Some other pieces that I enjoyed.

Of his more famous works, Madonna is a close second to The Scream.

And a crowd favorite is affectionately titled, Vampire, although it is only a woman kissing a man’s neck.

I could do this for quite a while longer, so I’ll stop here with my favorite. It was a drawing—Death and the Woman.

Not sure why I like it so much, but it made me smile. Maybe it indicates that a woman will be the death of me.

After all that, I remembered the reason I got out in the first place. I’ll give 4/5 ⭐️s for Koie Ramen.

Tomorrow is my last full day in Oslo and I’ll probably spend most of the day doing laundry and getting ready for the next leg of the journey. Where to next? You’ll just have to stay tuned.

Travel: Oslo 8

Today’s adventure was to Ekebergparken Sculpture Park (6.9 miles / 13.3 steps / equivalent of 45 flights of stairs… I’m afraid of what the foot will have to say about this tomorrow.) However, when I saw this sign, I decided I was on the right path.

The Norwegians have a love affair with sculptures and parks. Where we might have one sculpture in a park, situated in a central location and easy to access, the Norwegians like to have many which are here and there and sometimes difficult to find. In many cases, you just happen upon them.

Many of the statues in this park were curious or comical or… “Huh?” So, here is a gallery of a few.

In case you need to reorient yourself, here is a flower and a duck. “Quack.”

A short walk up the hill and I came across Fideicommissum.

Now, you may be saying to yourself, “Why, that’s a woman having a little squat.” And it is! Not only is this a statue, but it is also an anatomically correct water fountain (I did not do a close inspection.) I had to know more, so I first did a Google translate of fideicommissum. “Fiddle Commission” didn’t seem quite right. Maybe “piddle commission?” But, no. From Wikipedia…

The title Fideicommissum refers to the former legal institution of the entail, under which estates and other family properties were passed down from one generation to the next, often benefitting the eldest son. 

What it all comes down to is marking your territory.

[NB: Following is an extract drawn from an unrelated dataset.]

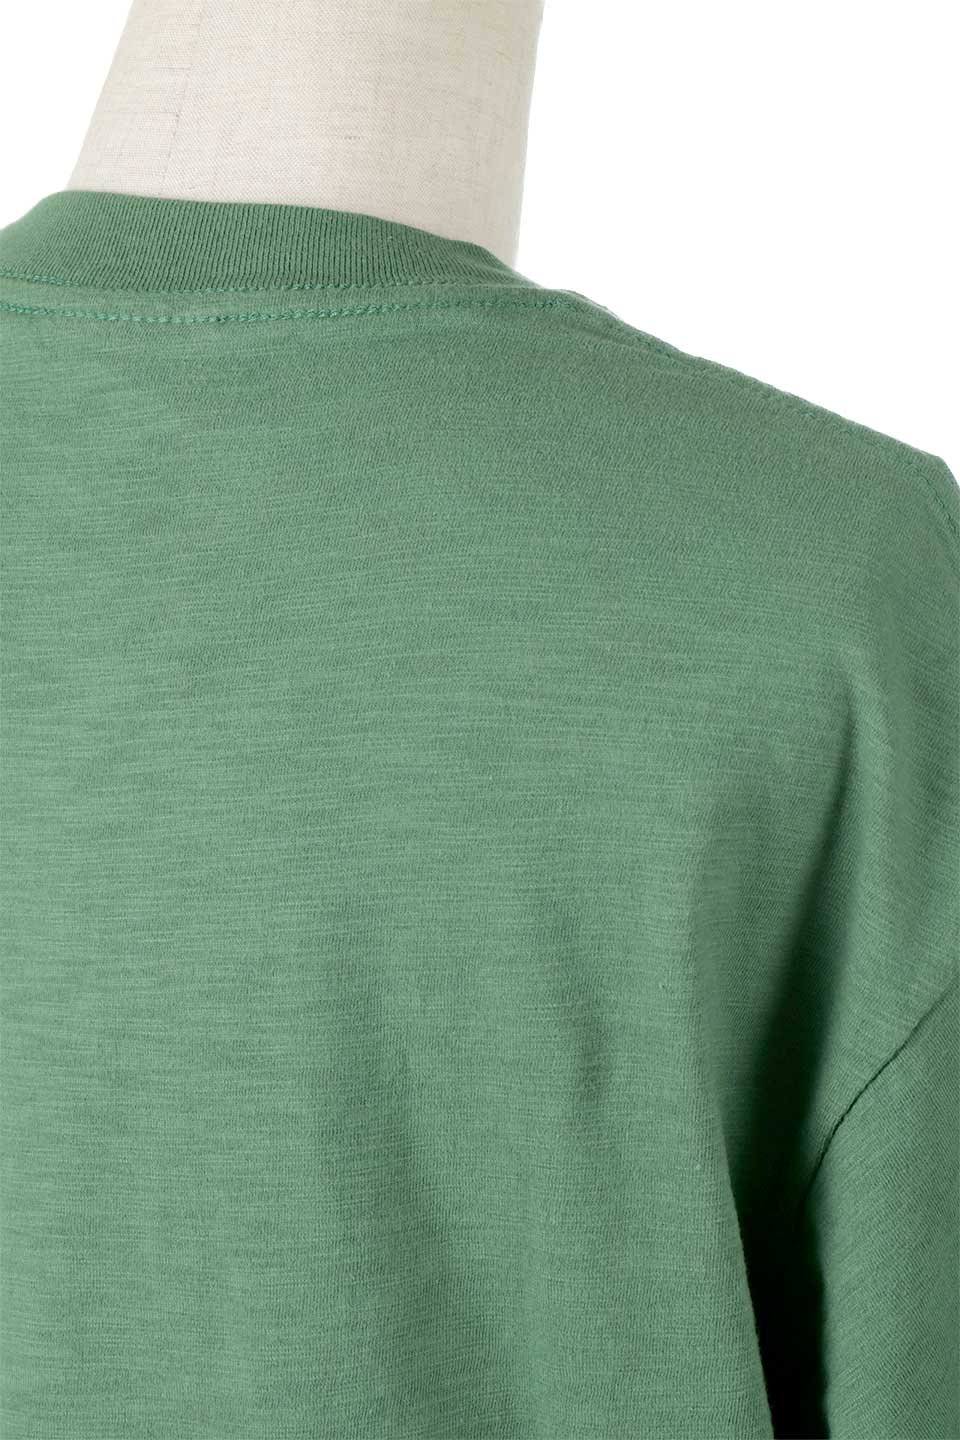 SlubCottonCrackPrintedTeeソフトスラブ・クラックプリントＴシャツ大人カジュアルに最適な海外ファッションのothers（その他インポートアイテム）のトップスやＴシャツ。ムラ感のあるスラブ糸を丁寧に編み上げたソフトな生地を使用したTシャツ。柔らかく表面に凹凸があるので汗をかく時期でも快適なアイテムです。/main-21

By the way, have you read Golden Streams. It was written by I.P. Freely. Moving on.

I saw this woman walking toward me and decided to say, “Hi.” We struck up a nice conversation, but she had places to go, so we parted ways.

After such a long hike, I thought about taking a brief nap, but the bench was taken.

When I first saw these, I thought they were lanterns hanging in the trees, but when I got closer… One man’s dirty underwear are another man’s art installation. (They may kick me out of Norway if I get too snarky.)

Before heading back, I did a bit of self-reflecting. I couldn’t see the forest.

I’ve seen this bridge from my hotel window and wanted to get a closer look at it, so on the way back, I found the way to cross. It is the Nordenga Bridge.

Below and circled: the bridge from my window. The buildings to the right of the bridge are called the “Barcode Project.” Twelve buildings close together of varying height.

The arrow is pointing to where I was in the park when I took this panoramic shot of the fjord and city.

Now it is time for a big drink of water, some sushi, and a good book. Pray you are having a wonderful day.

Travel: Oslo 7

Today, I attended St. Edmund’s Church (Church of England). The Rt. Rev. Dr. Robert Innes, Bishop of the Diocese of Europe was the Celebrant with Confirmations. It appeared to be a very special day for the congregation. I had a minute to visit with the Chaplain, The Rev. Canon Joanna Udal.

The service was in English and similar to ours, but with a different order for some parts.

Bishop Innes doing bishopy things. It took a few seconds to realize that it is a map of Europe on his miter.

There was so much construction out front, that it was difficult to get a good picture, so I stole this one from the web.

At the end of June, they will be celebrating their 140th anniversary, so by European standards, it is a very new congregation/church.

The walk to the church this morning was lonely business. Very little movement on the streets. It is my experience that most European cities are trashed on Sunday mornings with garbage everywhere.